# Ystrad Einion Copper mine, Ceridigion, March '12



## Landsker (Mar 16, 2012)

One thats been on the list for a while, visited with cunningcorgi. Very interesting mine, bit of a hair raising moment when we realised we were on a false floor in the upper level.

History


Although possibly of some antiquity the mine was certainly one of those worked by the Company of Mine Adventures about 1700 and slightly later by The Flintshire Mining Company. Nothing was done from 1760 until 1853 when the mine was restarted by a partnership of Charles Kirkpatrick and TA Readwin of gold mines fame. They abandoned it within a year but the mine was taken up by two brothers Thomas and Henry Jones who worked the mine until 1869.

In 1870 the mine passed into the hands of Mr Adam Mason who ran the mine throughout its longest working period and was responsible for installing the underground water wheel in a worked out stope.
The wheel is still there today but in a partially dismantled state due to scrap merchants removing its bearings about 1910.
The mine was worked up to about 1900, but was never profitable. The main ore produced was copper, although lead, zinc, and a little silver were also produced.

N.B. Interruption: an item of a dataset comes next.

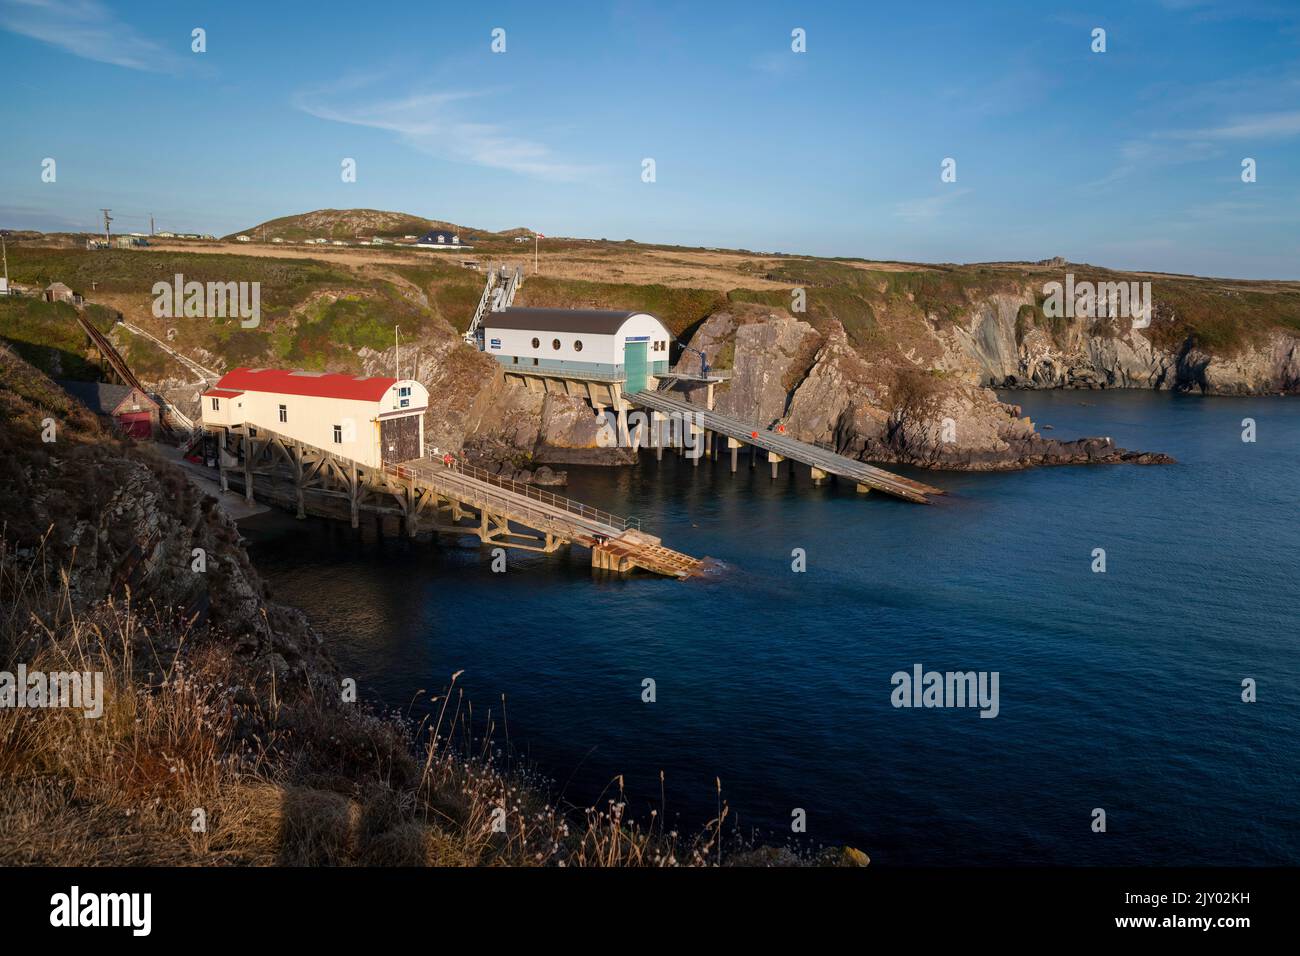 Editorial St Justinians, UK - August 30, 2022: St Davids Lifeboat Station in Pembrokeshire, West Wales, operates both an all-weather and an inshore li Stock Photo

The mine has 4 levels accessible today, the highest the no 1 cuts an open stope. The next one down the no 2 contains the launder that fed the underground water wheel in the lower no 3 level.

Another level, the no 4 was driven from behind the dressing floors but the portal has long collapsed, however it is accessible by laddering up about 15 feet from the engine shaft reached from the no 3.

Records show that the engine shaft was sunk to a depth of 50 fathoms or 300 feet below adit, it is doubtful whether the blockage at adit level represents fill all the way to the bottom, a sobering thought


1 The main attraction





2





3 Some amazing colours in the mine





4 Kibble





5 Flooded





6 Bottom of the shaft, showing climb up to next level





7 The Bridge





8 Looking down off the bridge





9 Track remains






All in all, a great mine!


----------



## UE-OMJ (Mar 16, 2012)

That place looks stunning.


----------



## Captain-Slow (Mar 16, 2012)

How 'crusty' are those boards?


----------



## smiler (Mar 16, 2012)

That is wonderful, great pics, I loved it, Thanks.


----------



## Landsker (Mar 16, 2012)

Captain-Slow said:


> How 'crusty' are those boards?



Stronger than they look!


----------



## muppet (Mar 17, 2012)

love that wheel thanks for the post


----------



## King Al (Mar 17, 2012)

Looks great walsh! Superb Pics


----------



## chizyramone (Mar 17, 2012)

Nice one walsh

Chest waders out again ?


----------



## Landsker (Mar 17, 2012)

chizyramone said:


> Nice one walsh
> 
> Chest waders out again ?



Oh yes, although didn't really need them this time!


----------



## highcannons (Mar 17, 2012)

First class matey, lovely pictures.


----------



## flyboys90 (Mar 17, 2012)

Awesome! great photos & report.


----------



## Melorac (Mar 18, 2012)

OK so now I feel my first attempt was just a little pathetic!! Honestly these shots and the report are fantastic, something to strive toward perhaps lol thanks for sharing


----------



## KingRat (Mar 19, 2012)

'mazin !!!


----------



## Catmandoo (Mar 19, 2012)

Excellent!!


----------



## Landsker (Mar 19, 2012)

Melorac said:


> OK so now I feel my first attempt was just a little pathetic!! Honestly these shots and the report are fantastic, something to strive toward perhaps lol thanks for sharing



Thank you very much for that!


----------



## Pincheck (Mar 20, 2012)

nice mate seen the one of him inside the bucket really funny


----------



## Lucky Pants (Mar 20, 2012)

Great shots, looks like you had a cracking explore there .


----------



## PaulPowers (Mar 20, 2012)

Cracking pics. looking like a good days explore


----------